▶ [Exercise aim] Your response to the data below should hold nothing except the lines from the one containing "Mythology: The Illustrated" down to the one containing "Star Wars 7 Trailer #3 - Finn Lightsaber", reproduced exactly and without pictures.

▶ [Data supplied]
****************

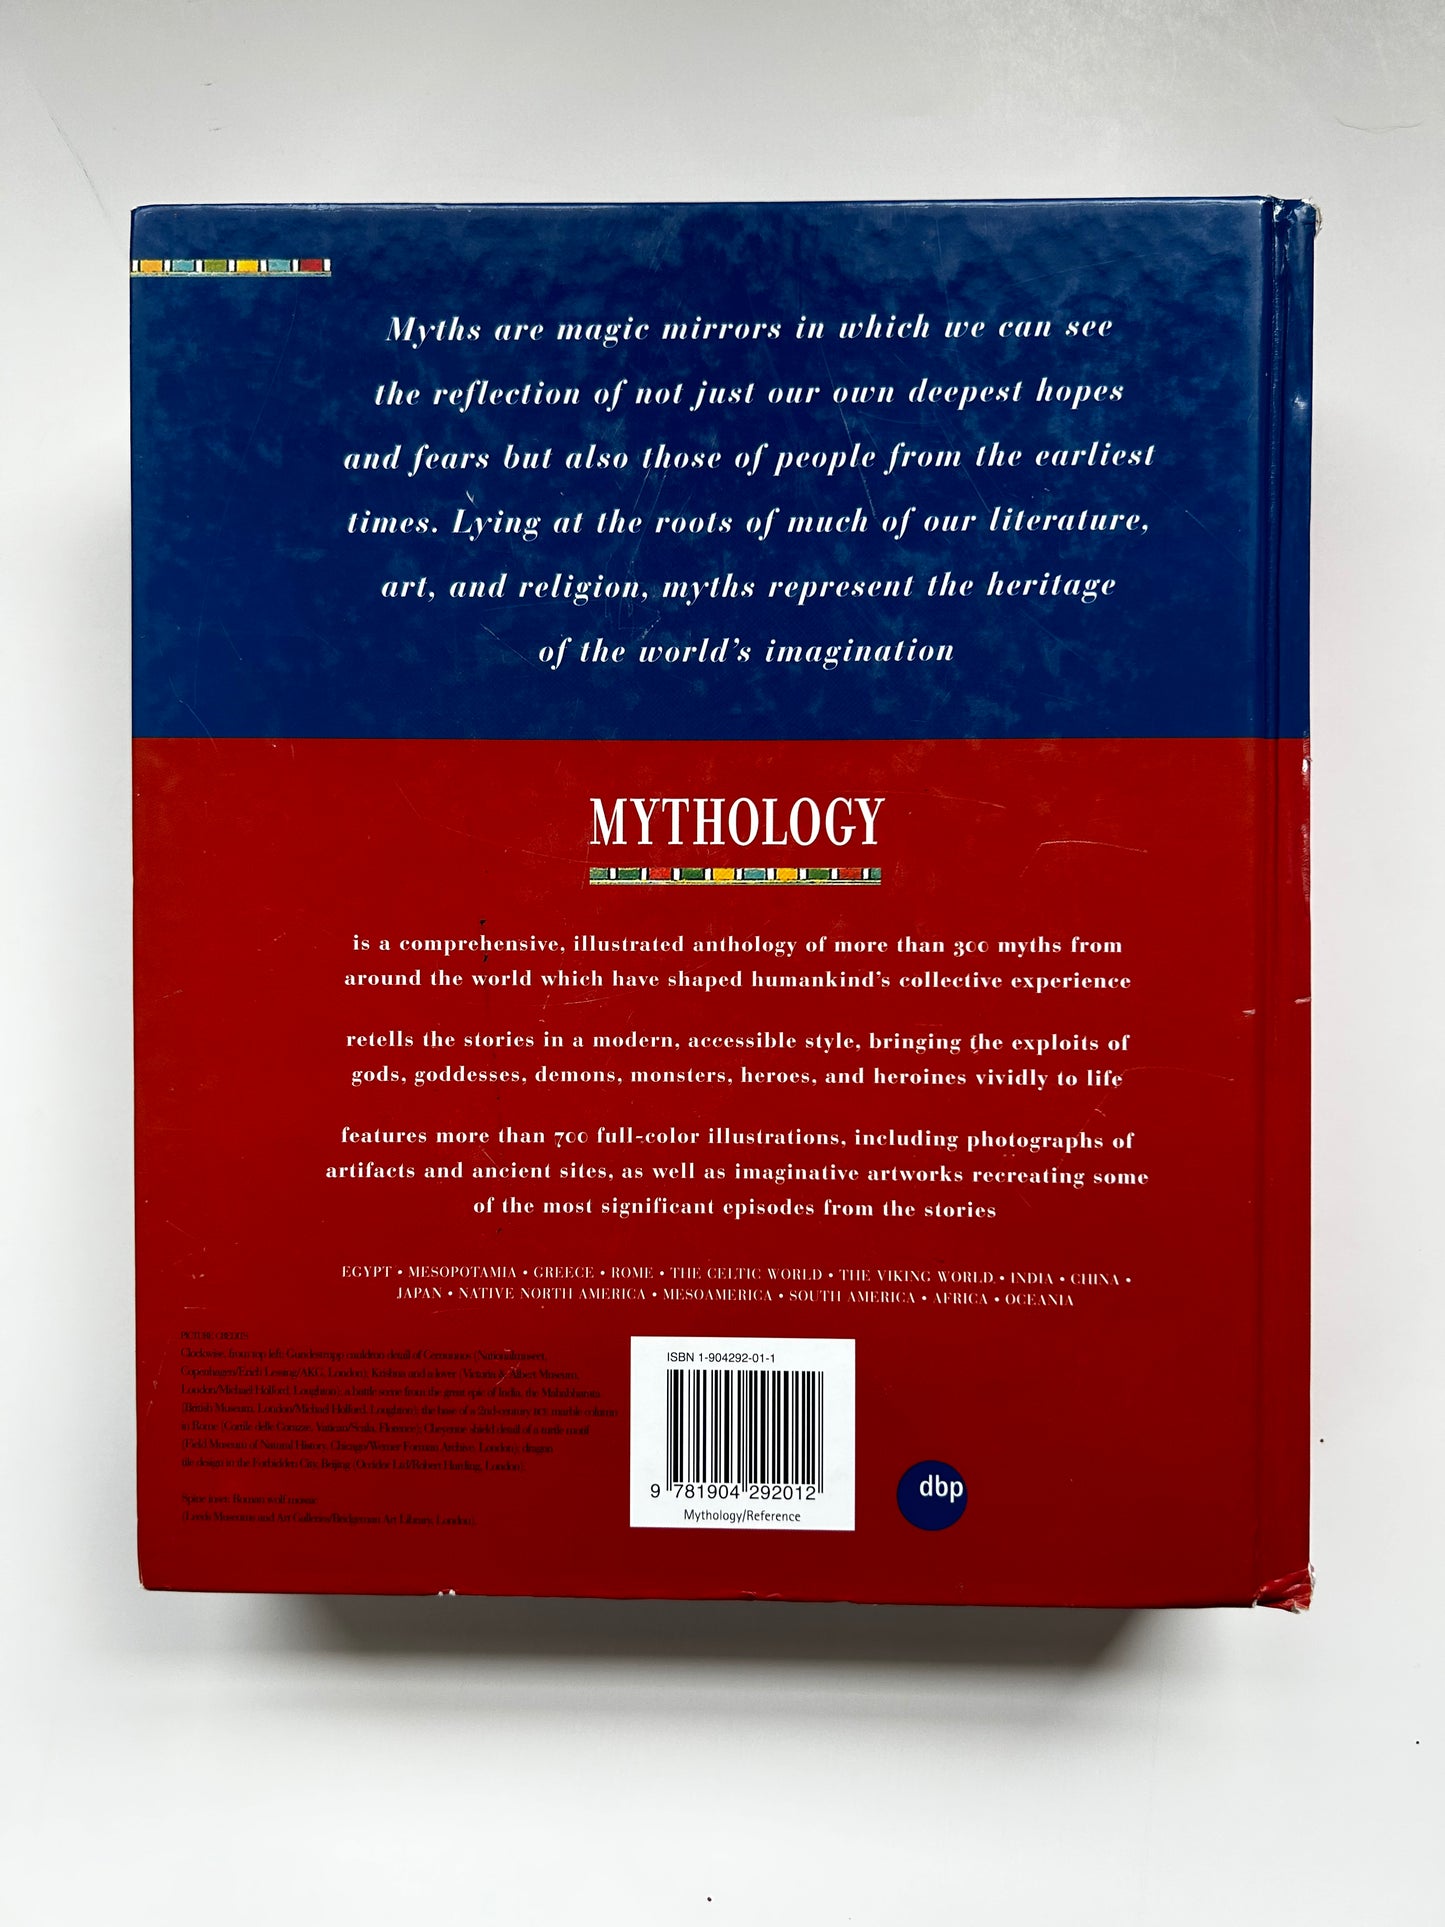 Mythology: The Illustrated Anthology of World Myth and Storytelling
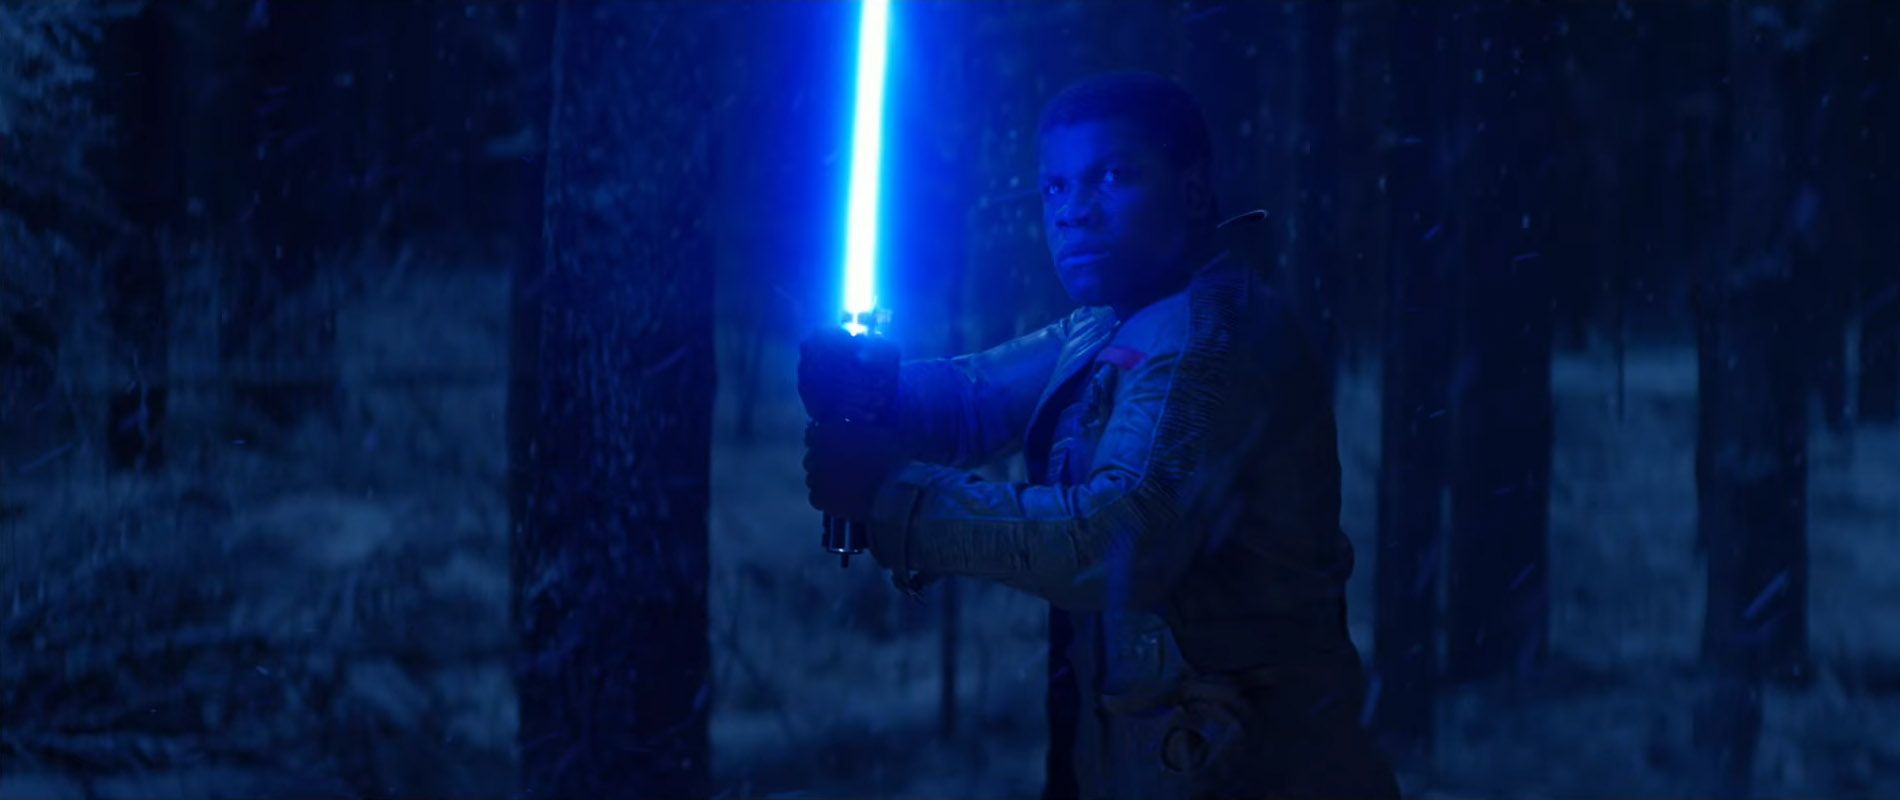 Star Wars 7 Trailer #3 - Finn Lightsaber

****************

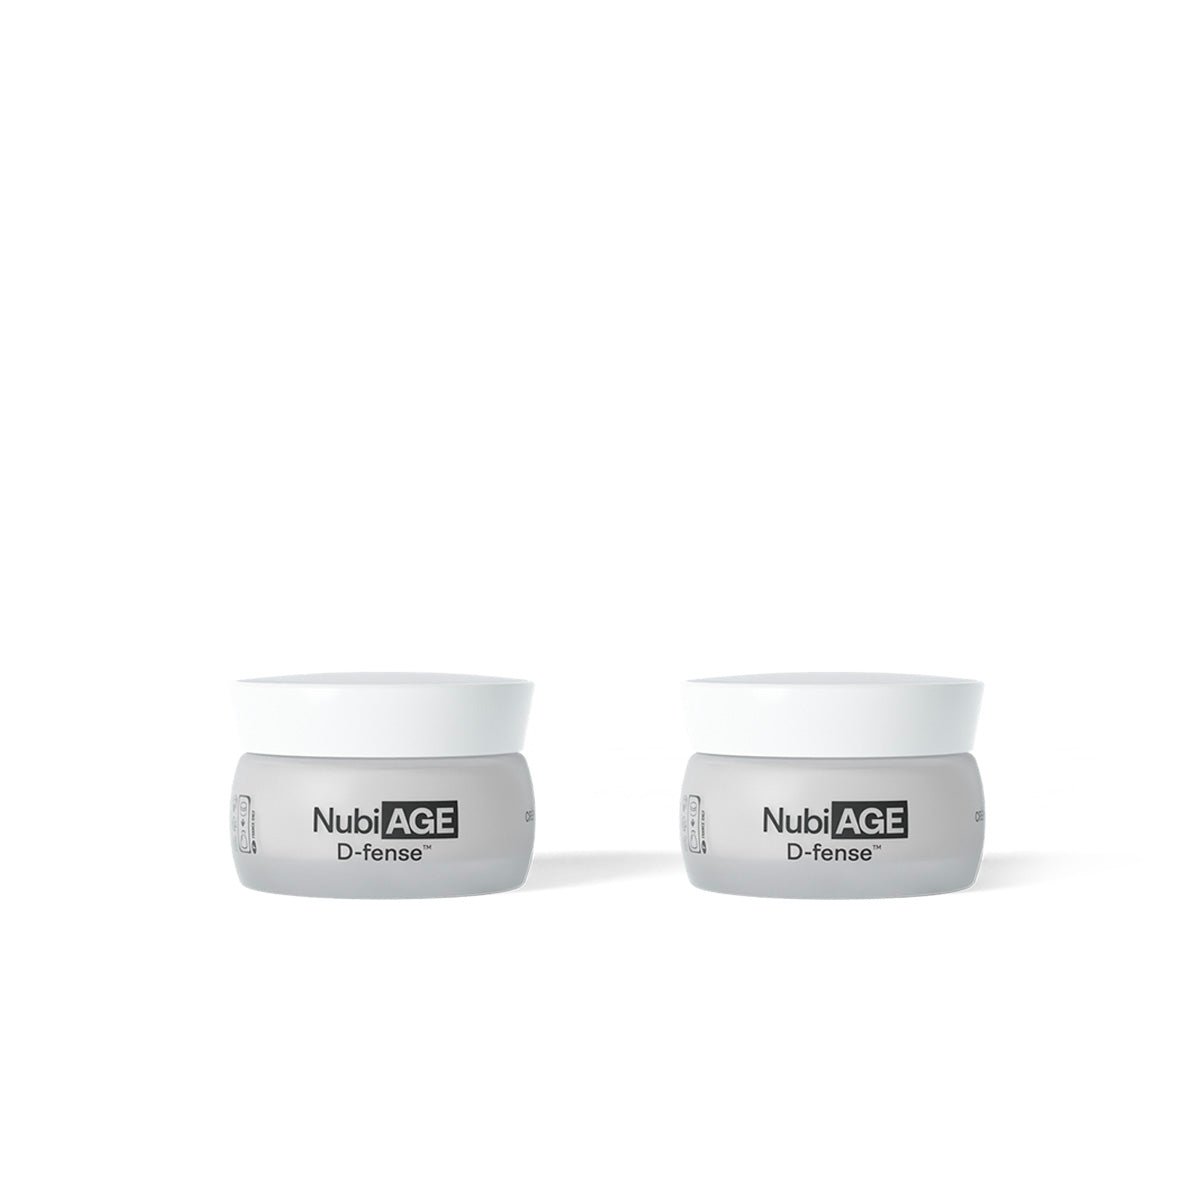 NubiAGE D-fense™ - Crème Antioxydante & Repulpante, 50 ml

****************

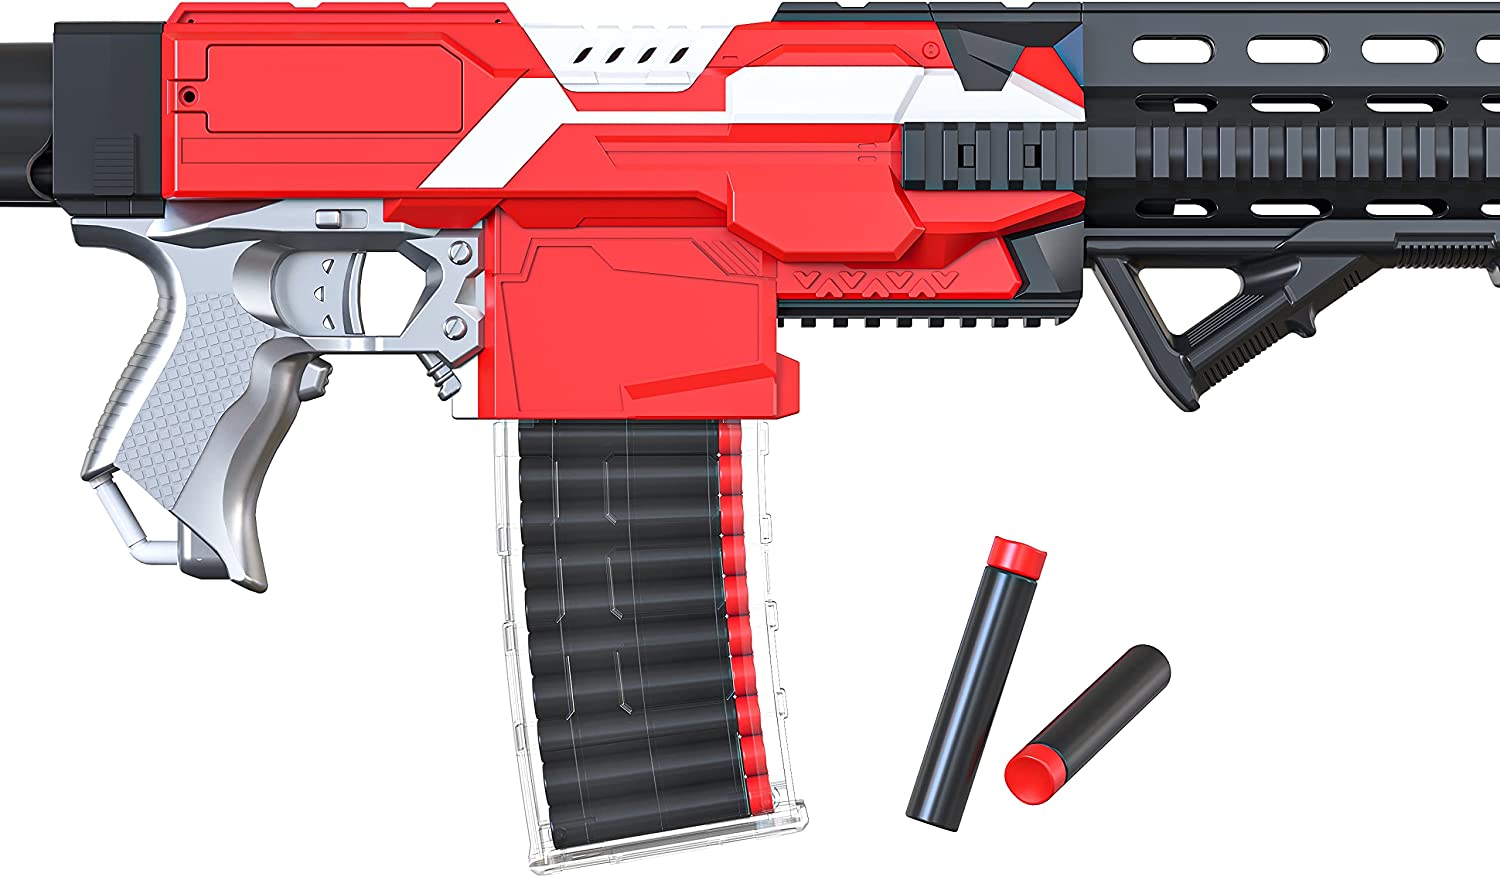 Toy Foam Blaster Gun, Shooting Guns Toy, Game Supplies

****************

▶ [Written reply]
 Mythology: The Illustrated Anthology of World Myth and Storytelling
 Star Wars 7 Trailer #3 - Finn Lightsaber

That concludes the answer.